With the pitchforks grazing his bony spine, the boy did all that he could do- he ran straight into the maelstrom of the townspeople's fear, charged headlong into the manor and the fire and left them standing at the smoky edges yelling curses into a hell they would not, could not, understand. The boy was but young, and his small lungs tore at the air to claim something clean from amidst the plumes of smog. The tears that stung in his eyes were not a result merely of the heat or the smoke, but also of the familiar tracing of lines in the tiles that the boy crawled on. Because when his empty ashy body finally collapsed onto the cold alabaster tile, his cheek touched something like a red star-shaped tile, and the boy knew with a start that he was home.

"Only for you, my prophet, only for you," said a voice. Her voice.
The robed woman, the beautiful woman of Sydney's dreams walked through the fire with the poise of a true goddess and gathered the boy's small frail form in her arms. "So small, so sweet, so young." She brushed his hair from his eyes, the Dark dripping from her fingers. "I would not have picked you, and yet-" She sighed. She placed him on the ground at her feet. Disrobed. She danced for him and the boy saw the yellow flames lick at her body and yet she did not burn. Then she reached out a hand and touched his back and then the burn came. How it came. He opened his mouth to yell but the Dark came flooding in through his mouth and eyes and ears and then he suddenly knew nothing.

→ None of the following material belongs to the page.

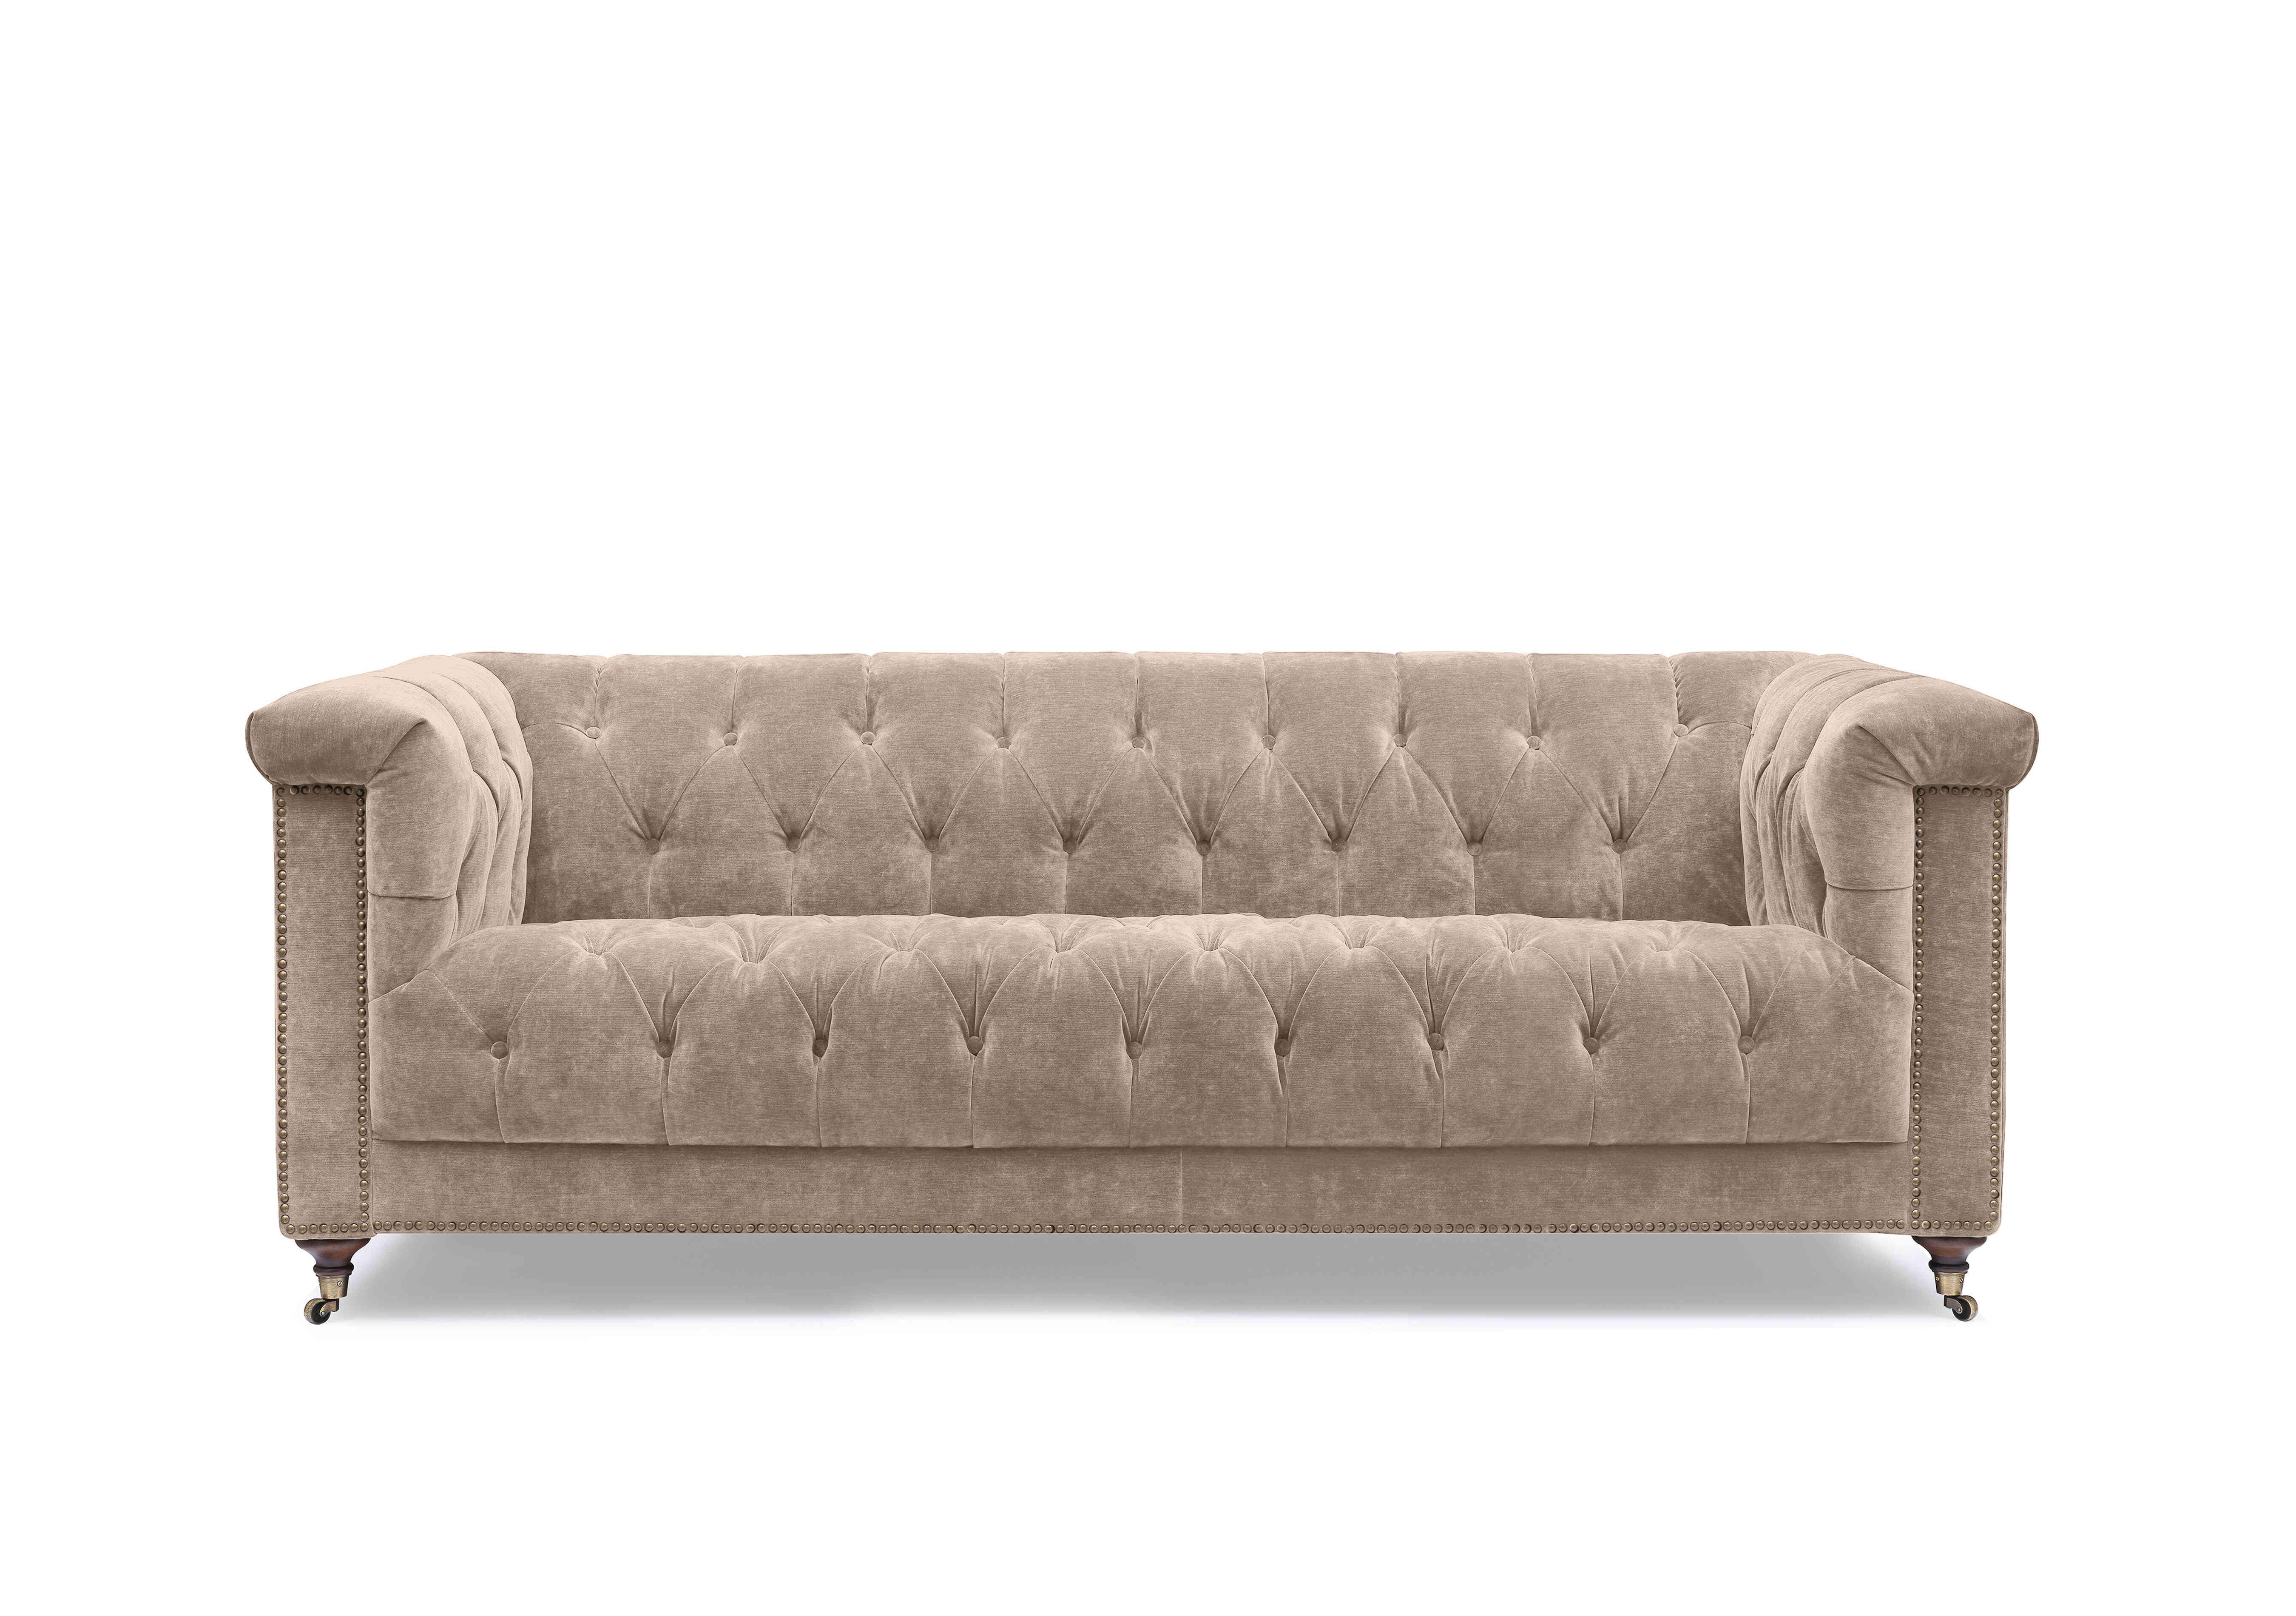 Wallace 3 Seater Fabric Chesterfield Sofa in X3y1-W022 Barley on Furniture Village

The fire whirled and consumed its own fiery arms and then suddenly gasped and died. All that was left of it in the Manor were the ankle-deep ashes and the strange set of woman's footsteps that traced from the base of the statue to nowhere at all. And the pale body of a boy, curled like a crescent moon about its feet. The boy slept fitfully. For a while.

When the moon shines bright upon the pale skin of your hand and alights the blood upon it with frightful florescence (hiss: phosphorescence), one can't help wondering what's been lost. Sydney awoke and discovered that he'd lost the skin upon his back.
It burned, oh it burned it burned. It burned as a little boy should never burn, it hurt with a pain that dug obscenely, perversely into his innocent white flesh. When he first pulled his lashes open, twilight melting cautiously into dawn, he was paralyzed by the pain that greeted him; his body automatically contorted into the fetal position, he pulled his slender legs to his stomach and tried to force a scream to let it out. At first his jaw locked, twitched with the shock of it all, and he could utter nothing. The screams came later, and in rapid succession.

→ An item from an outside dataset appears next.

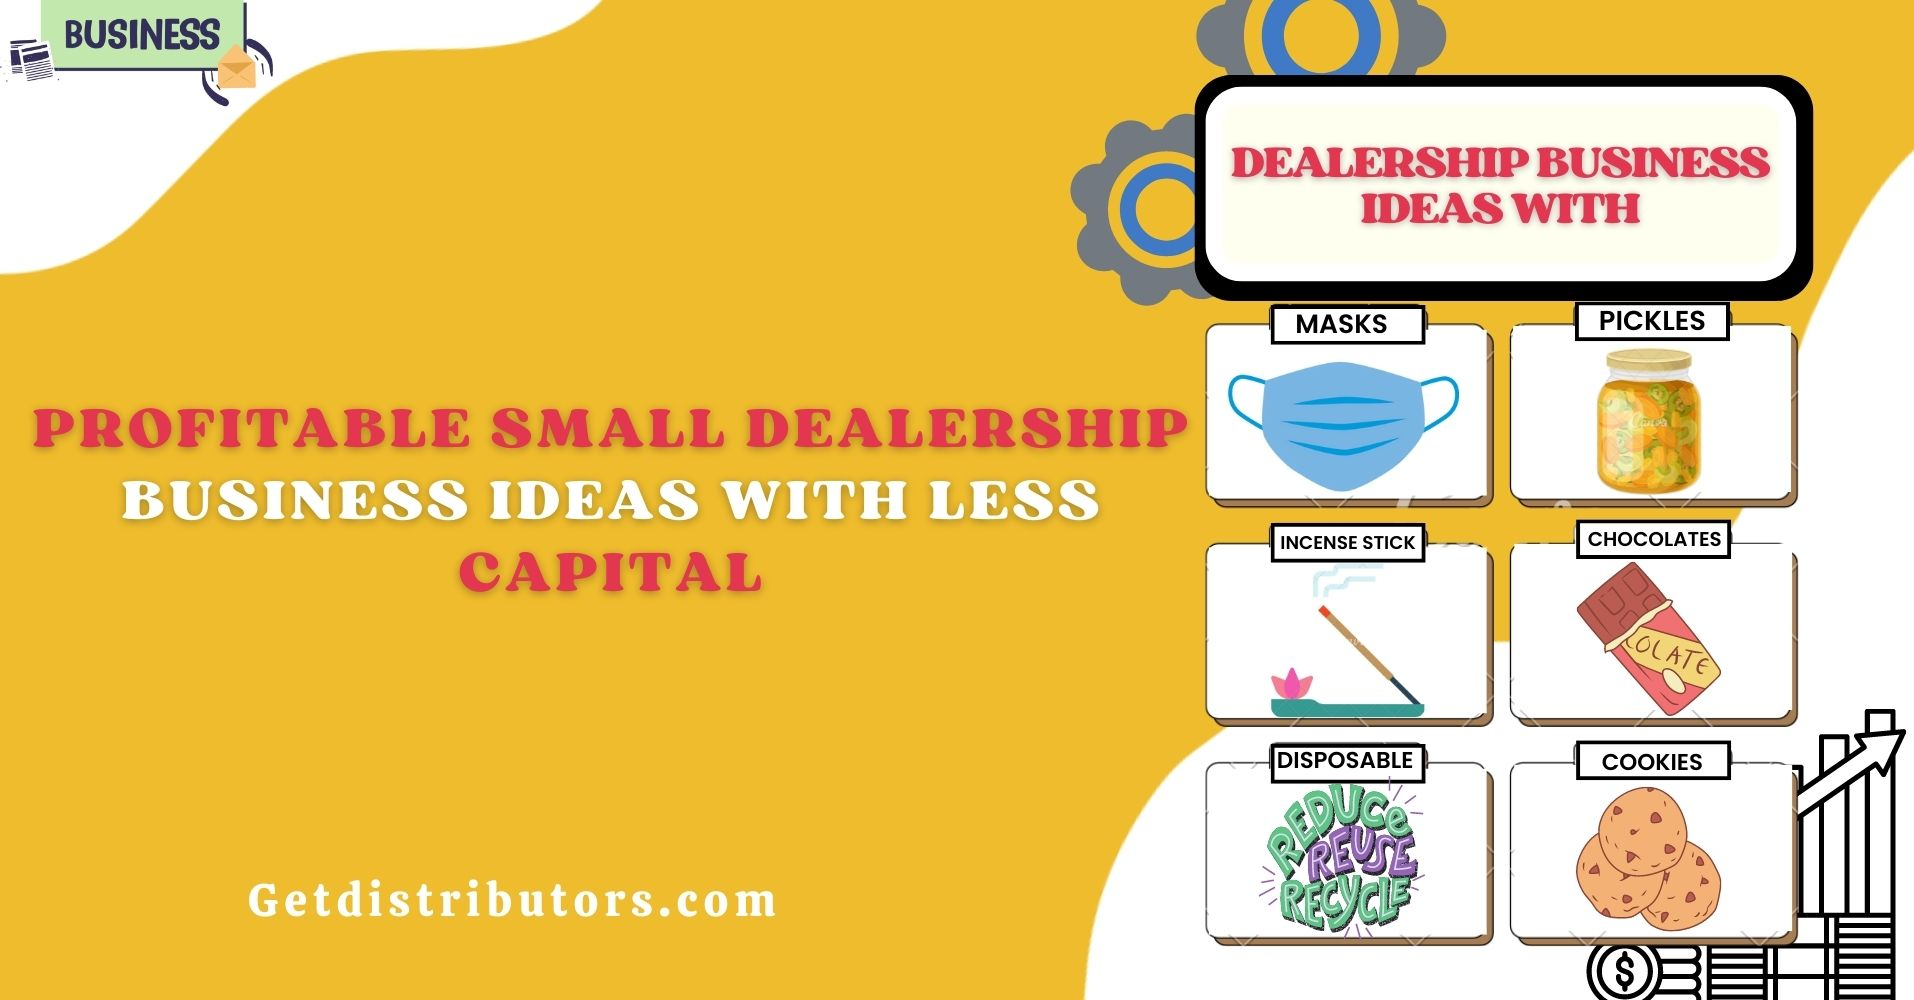 Profitable small dealership business ideas with less capital

In some inner chamber of the manor that had been untouched by the fire, the infant Joshua slept. Beside him, solemn as tears, his father the Duke rocked in a chair, and read from a bible to block the sound of his brother's screams from the babe's ears.

If you've ever wondered what sin sounds like, these screams were it.

"And Jesus said I tell you the truth, unless a kernel of wheat falls to the ground and dies, it remains only a single seed. but if it dies, it produces many seeds."

The boy would scream for his mother, but he never had one.

"The man who loves his life will lose it, while the man who hates his life in this world will keep it for eternal life."

He would scream for his father, but he had forsaken him.

"Walk while you have the light, before darkness overtakes you."

He would scream for his God, but knew not what world he haunted.

"The man who walks in the dark does not know where he is going."

For what kind of God would leave a boy of 13 to flail on the cold concrete ground of a home that is no longer his, his curse branded upon his back, the proof, the print of blood upon his twisted fingertips?

"Put your trust in the light while you have it, so that you may become sons of light."

So the boy called out to another...

"For god so loved the world that he gave his only son..."

To the only one he had left...

"but no longer my only son, Joshua..."

Though he didn't even know her,

"no longer..."

Her name slipped naturally from his lips:

"MULLENKAAAAMP!"

tbc.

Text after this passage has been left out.